Fewer people than previously thought are making use of the marriage allowance, which lets couples where one partner is a basic rate taxpayer and the other is a non-taxpayer claim a tax break.
This is due to a governments’ mistake in counting the claims.
Statistics published by Treasury last year showed that three million couples were benefiting from the tax break with another million yet to claim. But revisions to official statistics published today by HM Revenue & Customs showed that fewer than two million are actually claiming.
Explaining the changes, HMRC admitted that there has previously been double-counting in the figures as people can backdate their claims for previous years.
In an update HMRC says: “The original estimates included multiple counts for those individuals making backdated claims for previous years as well as claims for that year.”

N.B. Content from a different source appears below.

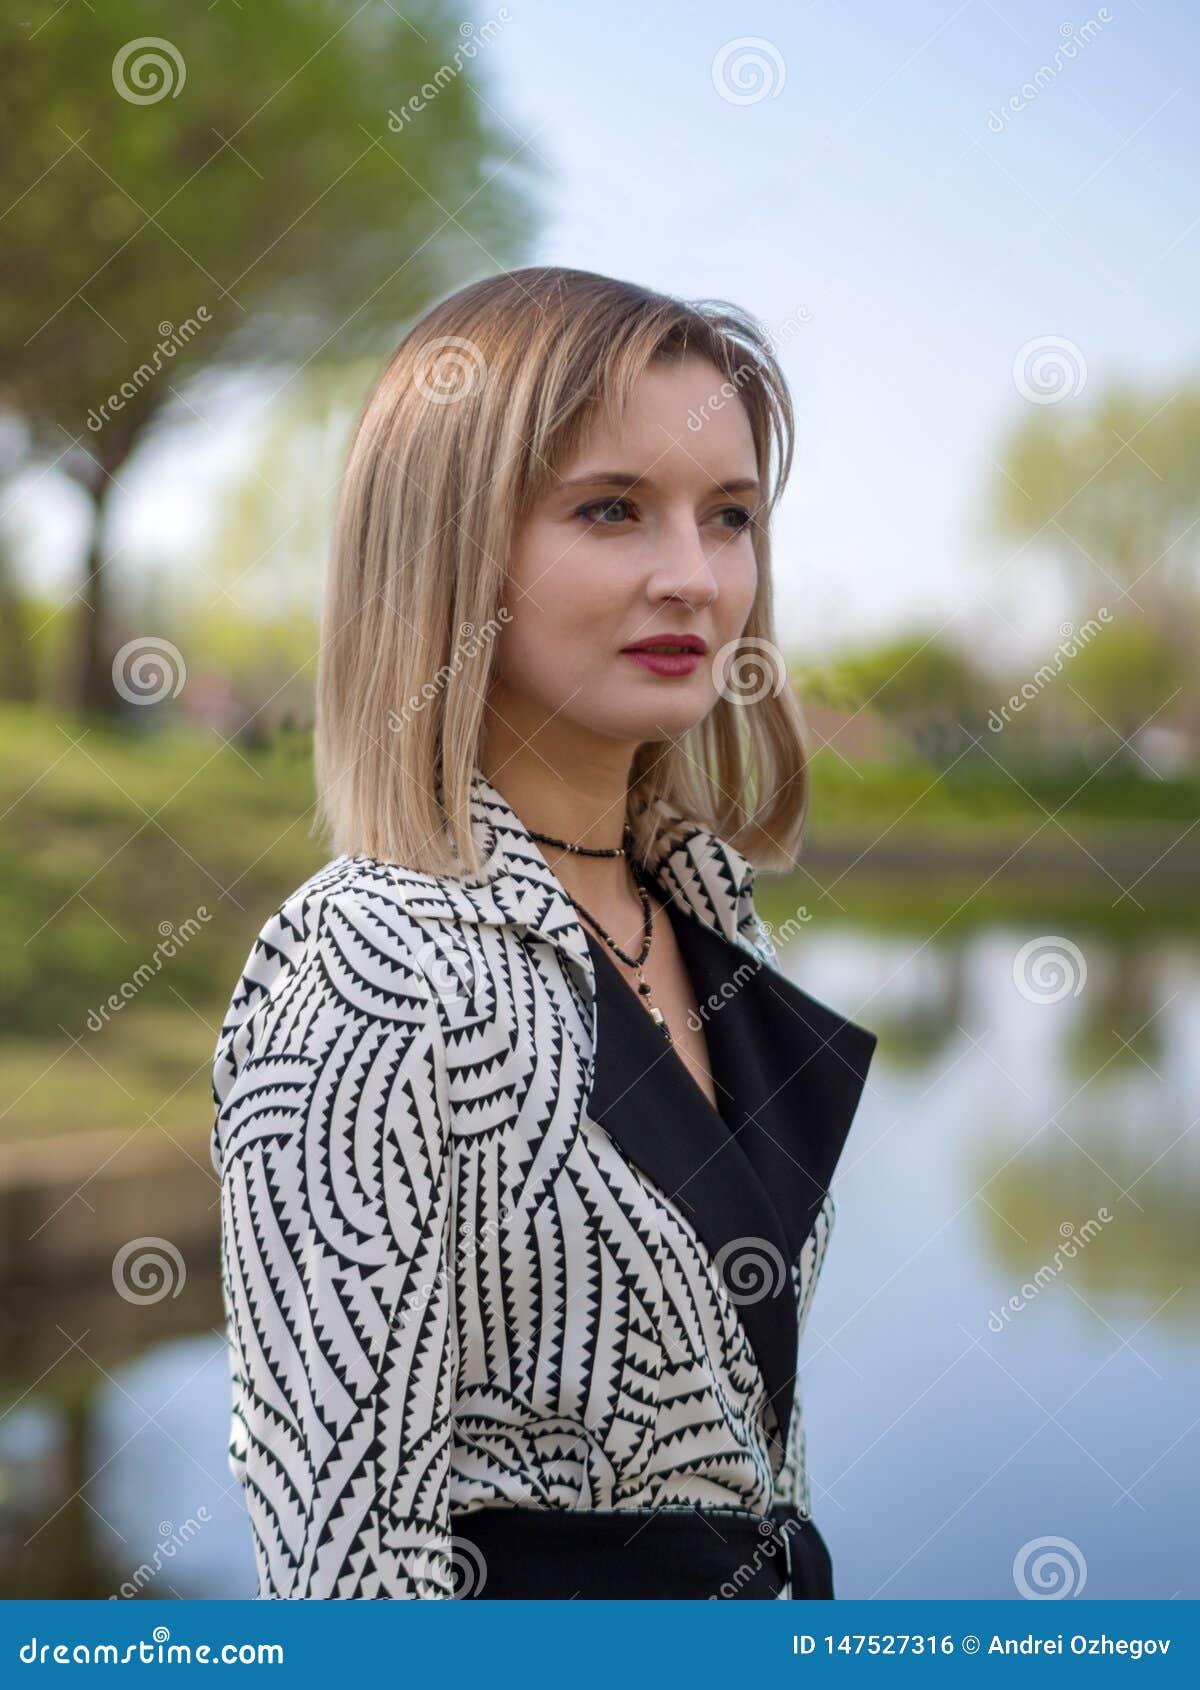 Mujer rubia con estilo
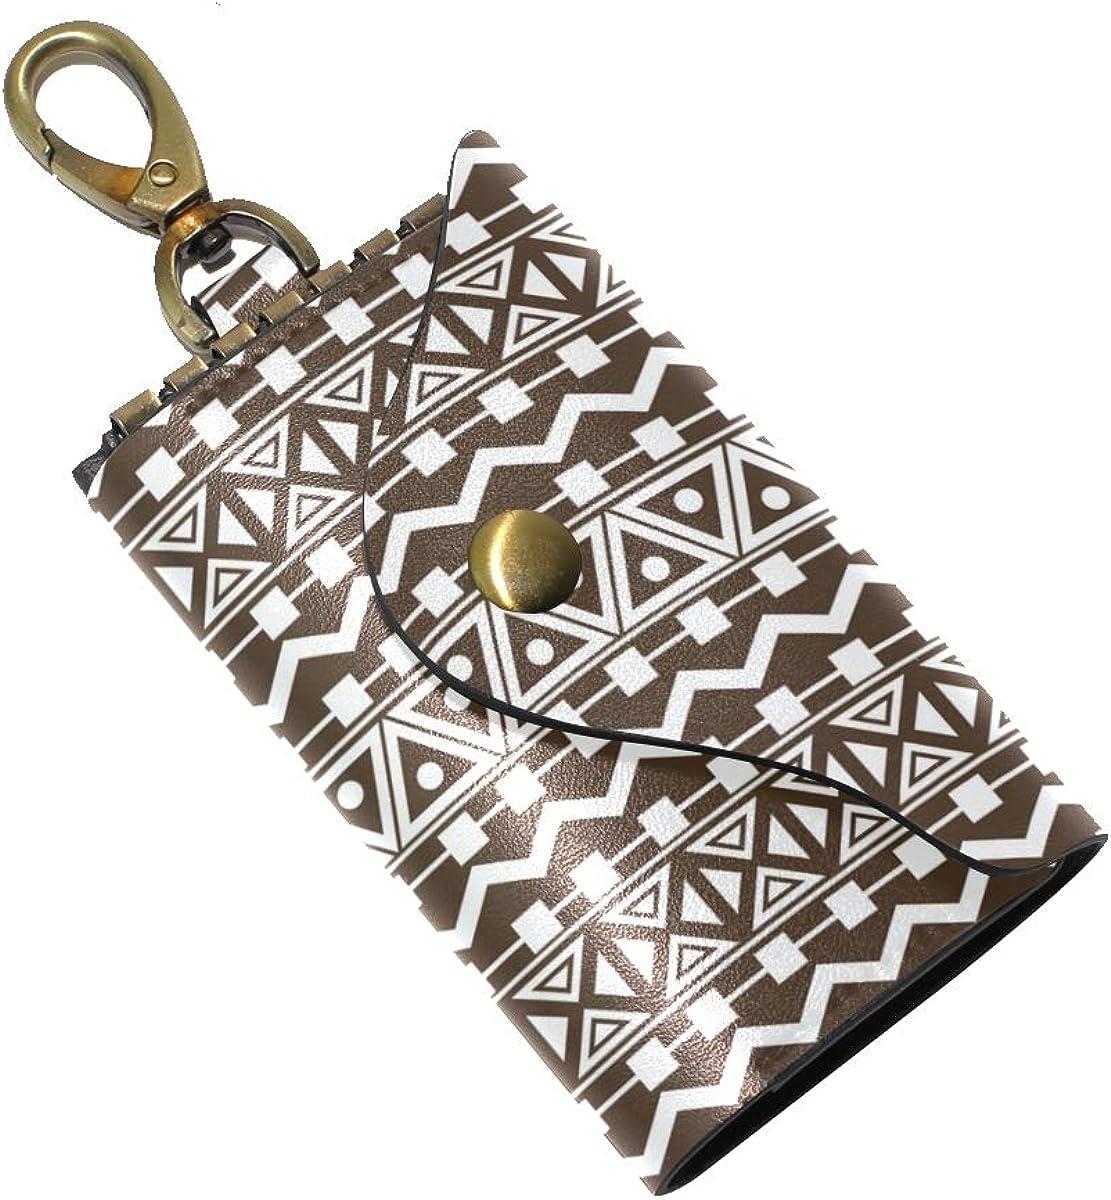 KEAKIA Cross Designs Leather Key Case Wallets Tri-fold Key Holder Keychains with 6 Hooks 2 Slot Snap Closure for Men Women

Royal London director of policy Steve Webb comments: “It is shocking that HMRC have got these figures so badly wrong. This time last year, ministers were boasting that three million couples were benefiting from this tax break.
“Now it turns out that fewer than two million are actual getting help, and that more than half of those who are entitled are missing out. HMRC urgently needs to do more to alert families who could benefit so that everyone who is entitled to help receives it.”
The rules allow the lower earner to transfer up to 10 per cent of their unused personal allowance to the higher earner. At current rates, this is a transfer of up to £1,250.
With a basic rate of tax of 20 per cent, this saves the higher earner £250.